New York Court of Appeals

May 2, 2017

The People & c., Respondent,
Everett B. McMillan, Appellant.

          A. Alexander Donn, for appellant.

          John M. Castellano, for respondent.


          STEIN, J.

         Defendant was convicted, following a jury trial, of criminal possession of a weapon in the second and third degrees, and unlawful possession of marihuana. Prior to trial, defendant moved to suppress a firearm recovered from his vehicle. At the ensuing hearing, a police detective testified regarding the circumstances of defendant's arrest and the challenged search.

         According to the hearing testimony, the detective was assigned to a joint task force responsible for executing parole warrants, as well as investigating and apprehending parole absconders. The detective and his partner received a warrant for defendant's arrest that was issued as a result of numerous alleged parole violations. During their attempts to locate defendant, the detectives contacted his former girlfriend and provided her with their contact information in the event that she saw defendant. On the day in question, that girlfriend telephoned one of the detectives and informed him that defendant could be found in his vehicle at a specific location. However, when the detectives arrived at the location, defendant's vehicle was not present.

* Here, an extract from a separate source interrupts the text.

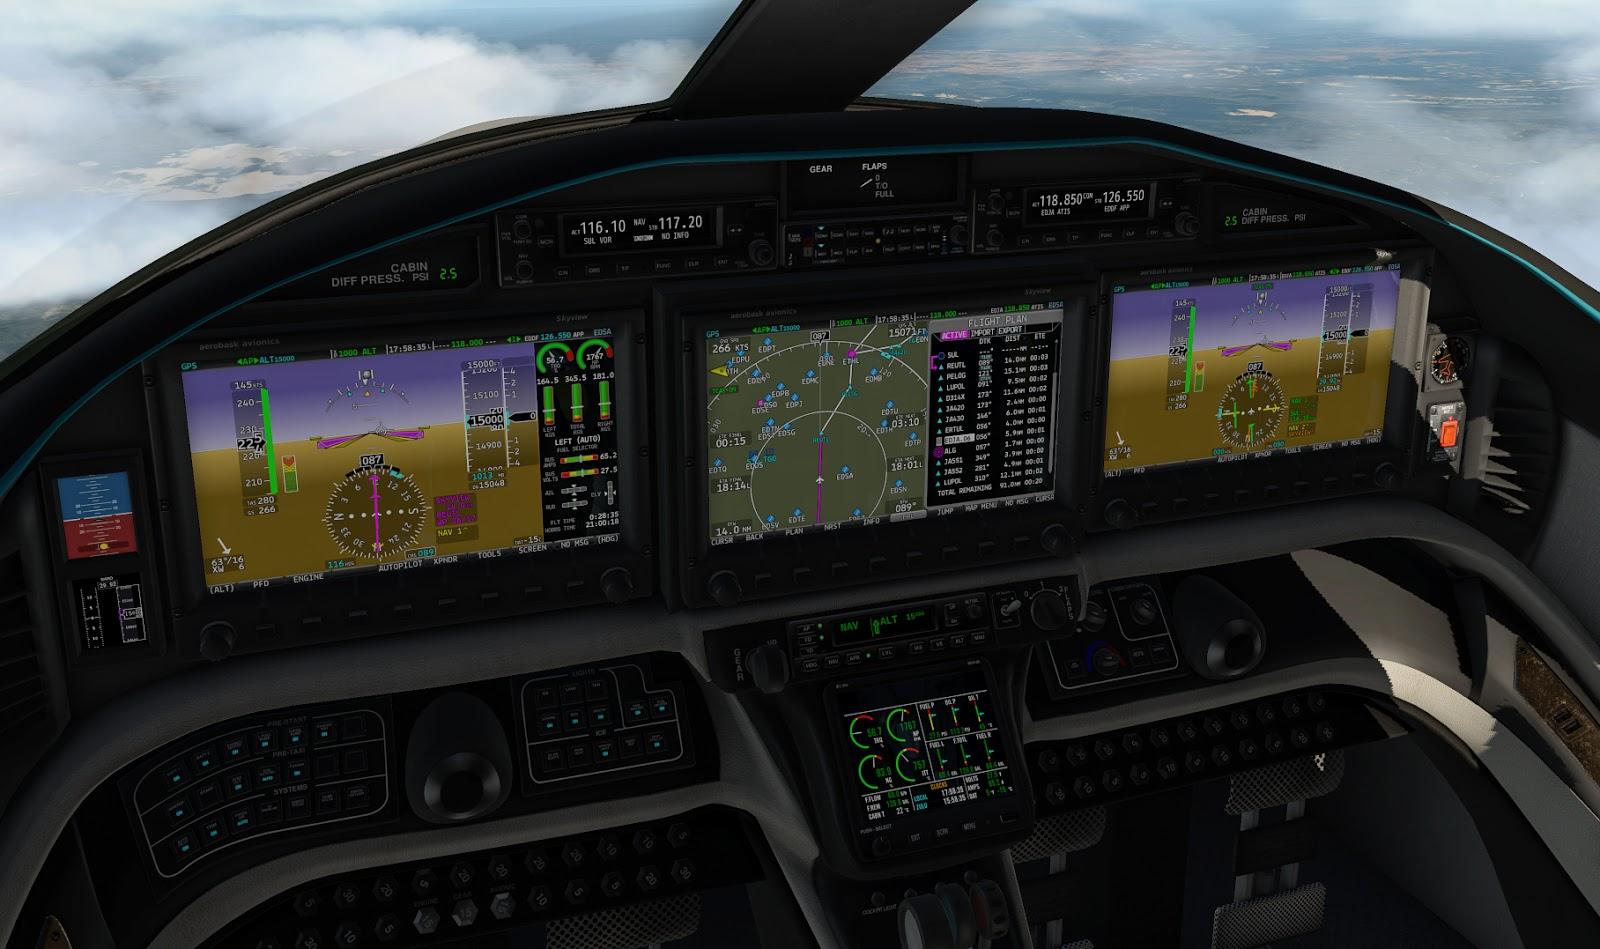 Aerobask Epic 1000 Skyview

         The detectives left but, shortly thereafter, received another telephone call from the girlfriend. According to the testifying detective, she was "frantic" and relayed that defendant was in his vehicle with her son, who had informed her that there was a firearm in the car. The detectives returned to the same location and observed that defendant's vehicle - identified through Department of Motor Vehicle records and information provided by the girlfriend - was present, but unoccupied, and the hood of the car was warm to the touch. The detectives arrested defendant in the apartment at that location, where he was present with the girlfriend's son. Following defendant's arrest on the parole warrant, the testifying detective entered and searched the vehicle for the firearm that had been reported; he found the weapon in a bag in the back seat.

         Supreme Court denied defendant's suppression motion, relying on both defendant's parolee status and the tip that defendant had a gun in his vehicle. Upon defendant's appeal, the Appellate Division affirmed (130 A.D.3d 651');">130 A.D.3d 651 [2d Dept 2015]), and a Judge of this Court granted leave to appeal (lv granted 26 N.Y.3d 1090');">26 N.Y.3d 1090 [2015]).

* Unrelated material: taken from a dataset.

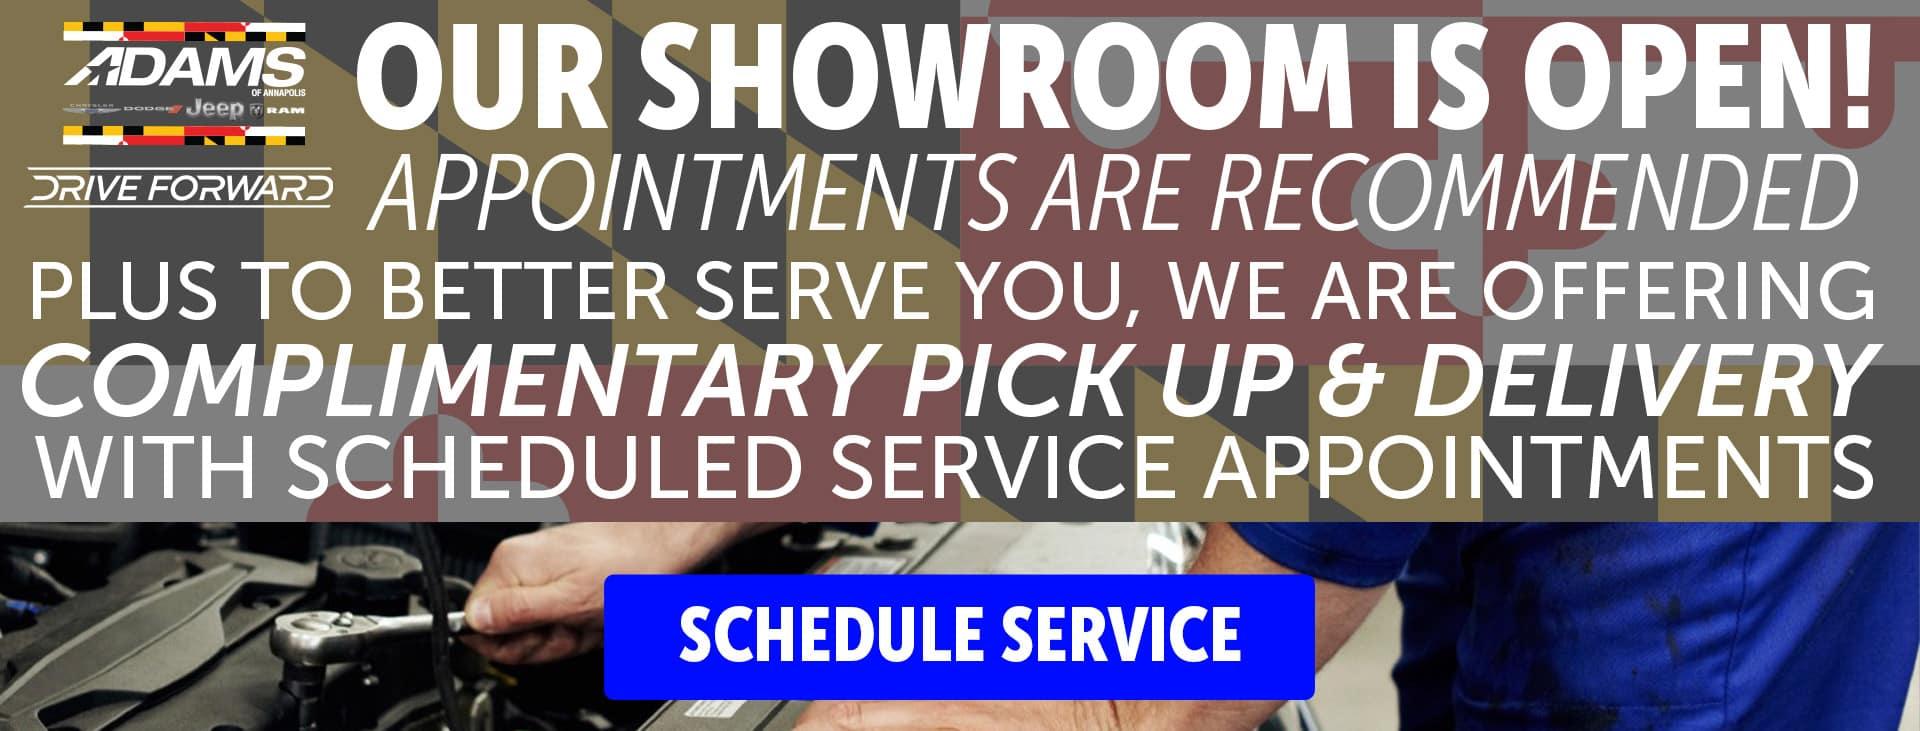 Schedule Your Service Online

         Defendant's primary argument on this appeal is that the search was unlawful under our holding in People v Huntley (43 N.Y.2d 175, 181 [1977]) because it was premised wholly on his status as a parolee, but was conducted by police officers, not by his parole officer. Under the circumstances of this case, defendant's argument is unpersuasive.

         We stated in Huntley that a parolee does "not surrender his [or her] constitutional rights against unreasonable searches and seizures" merely by virtue of being on parole (id.). However, we relied on the dual nature of a parole officer's duties and a parolee's reduced expectation of privacy to hold that a parolee's constitutional right to be secure against unreasonable searches and seizures is not violated when a parole officer conducts a warrantless search that is rationally and reasonably related to the performance of the parole officer's duties (see id. at 180-182).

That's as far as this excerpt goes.